WHAT THE EXERCISE ASKS:
When you reproduce the listing, keep every word as it is and drop the pictures.

INFORMATION PROVIDED:
↓

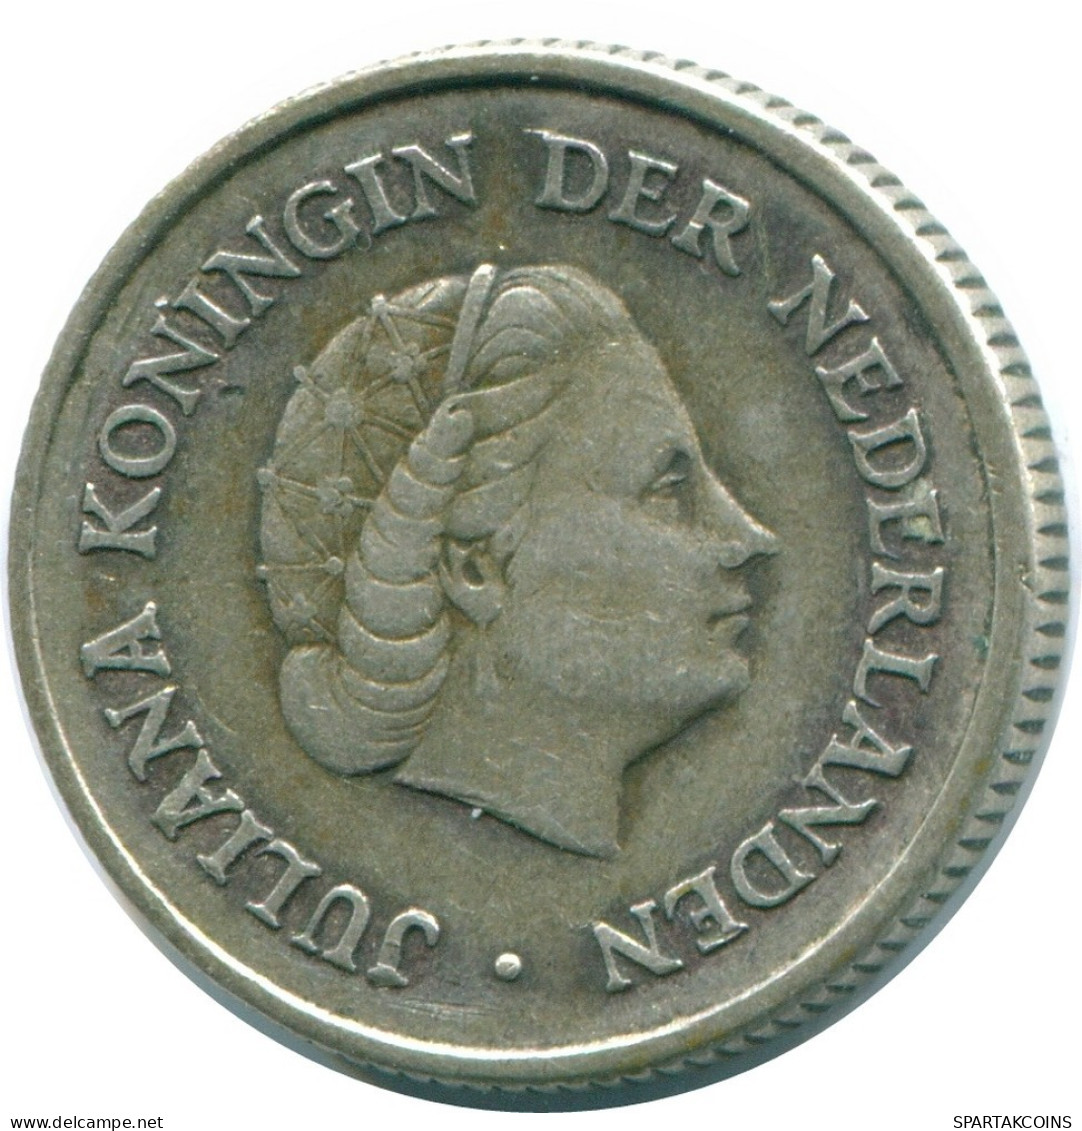 1/4 GULDEN 1963 NETHERLANDS ANTILLES SILVER Colonial Coin #NL11250.4.U.A - Antillas Neerlandesas
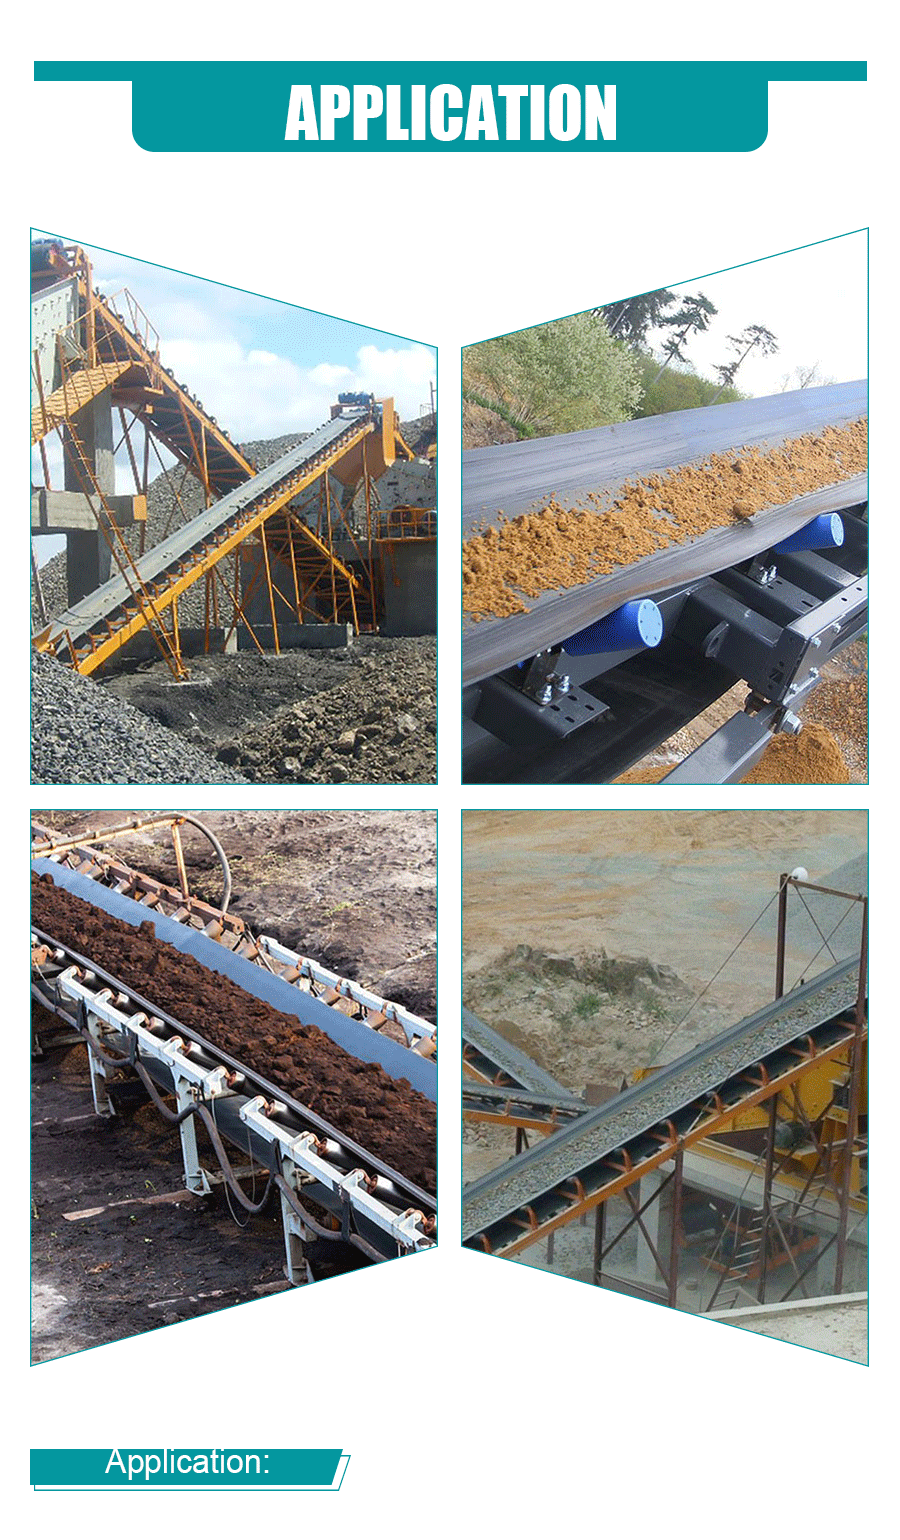 Cement conveyor belt
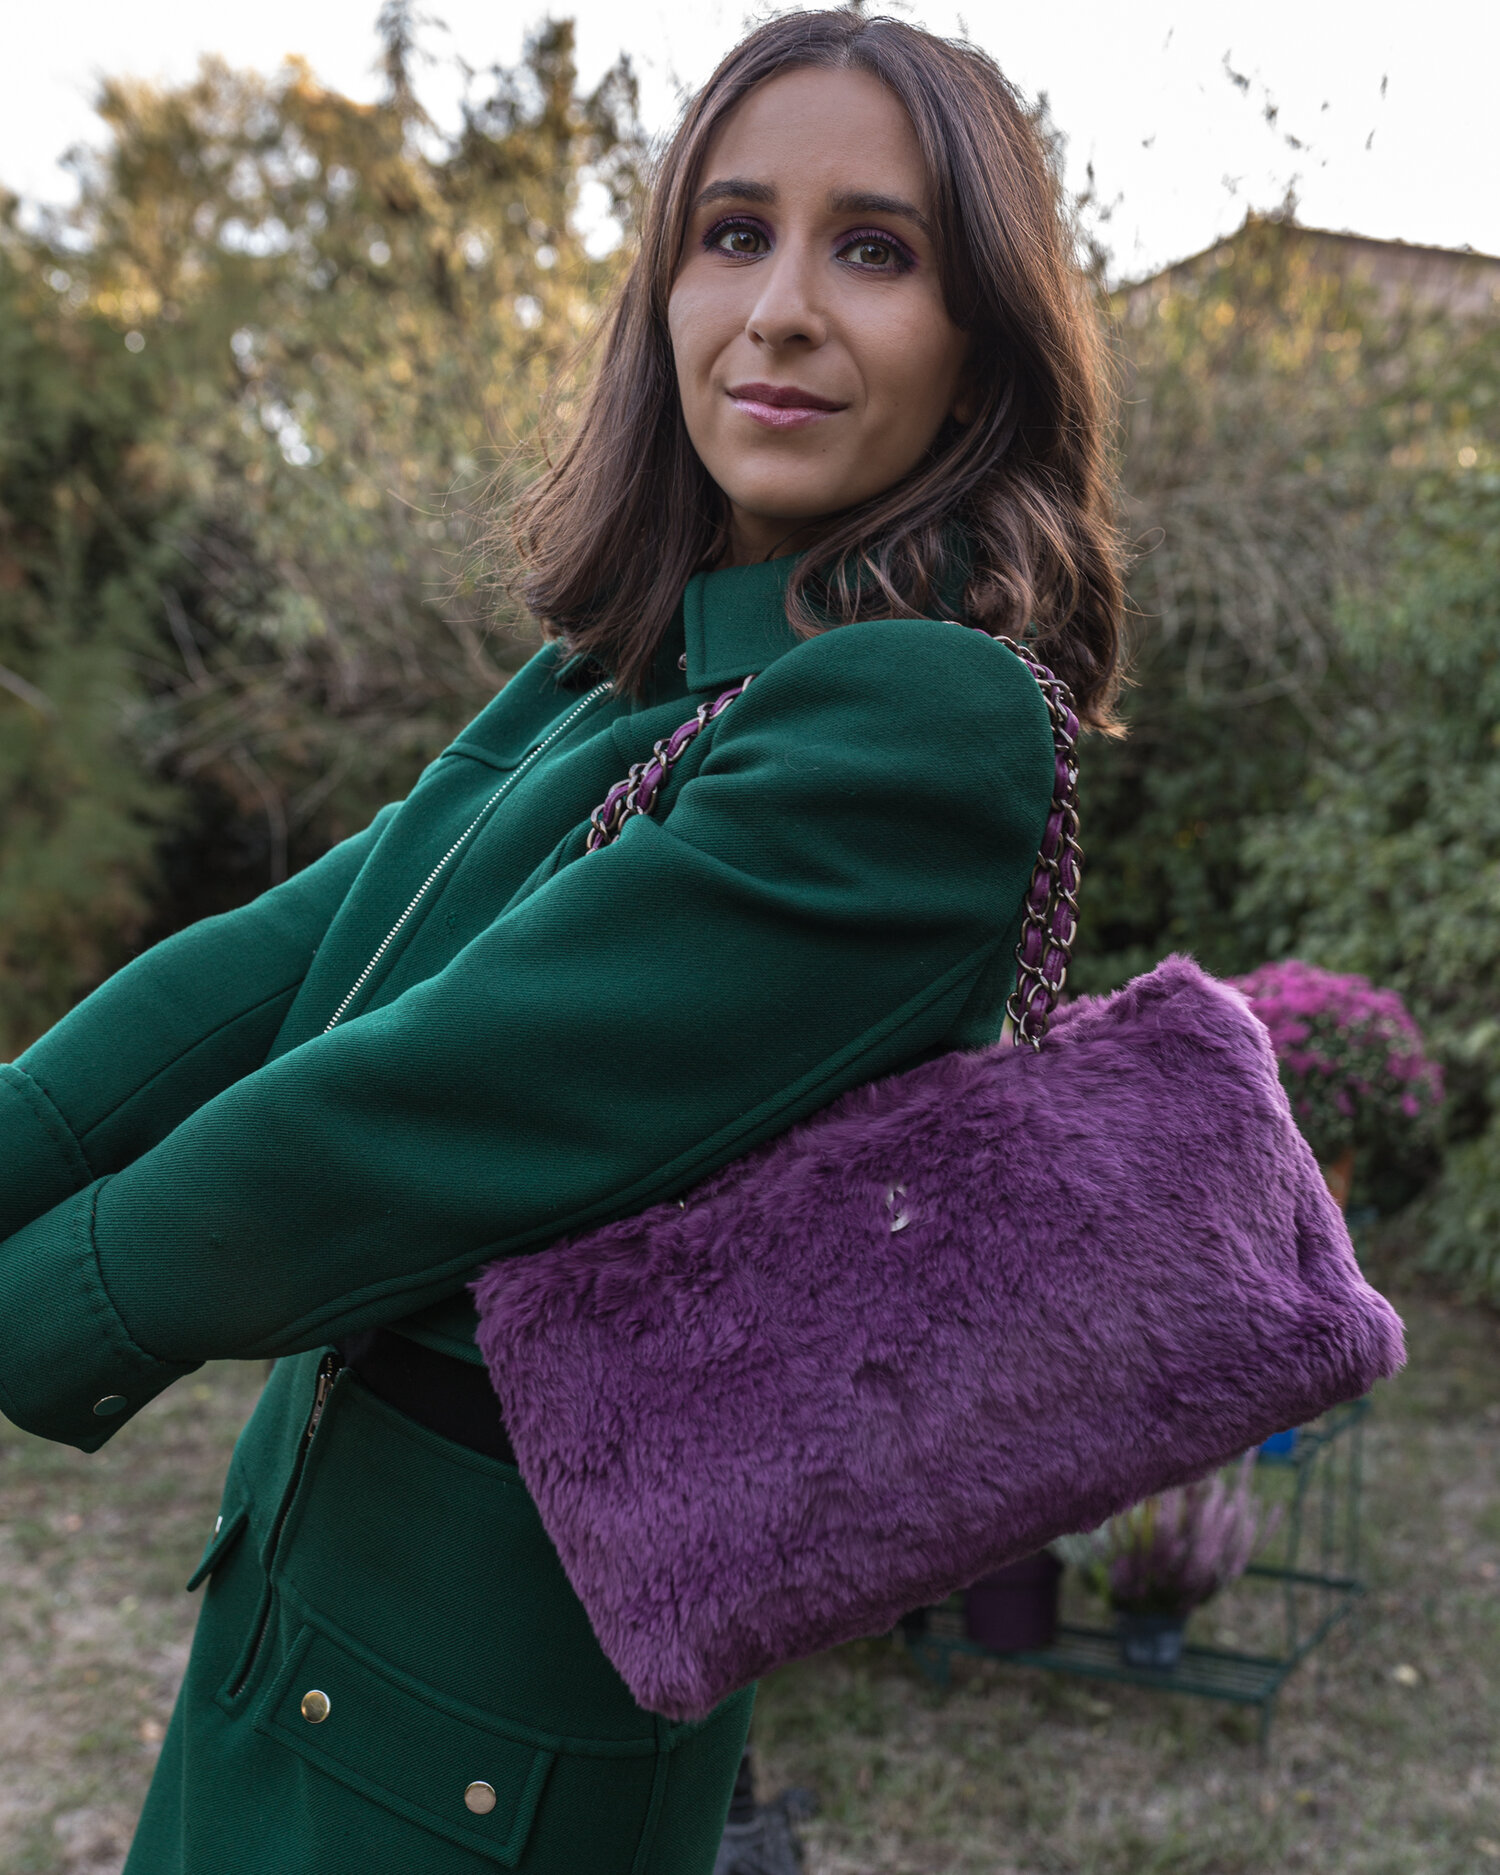 Vintage Chanel Shopping Bag in Violet Rabbit Fur — singulié

↑

ANSWER:
 1/4 GULDEN 1963 NETHERLANDS ANTILLES SILVER Colonial Coin #NL11250.4.U.A - Antillas Neerlandesas
 Cement conveyor belt
 Vintage Chanel Shopping Bag in Violet Rabbit Fur — singulié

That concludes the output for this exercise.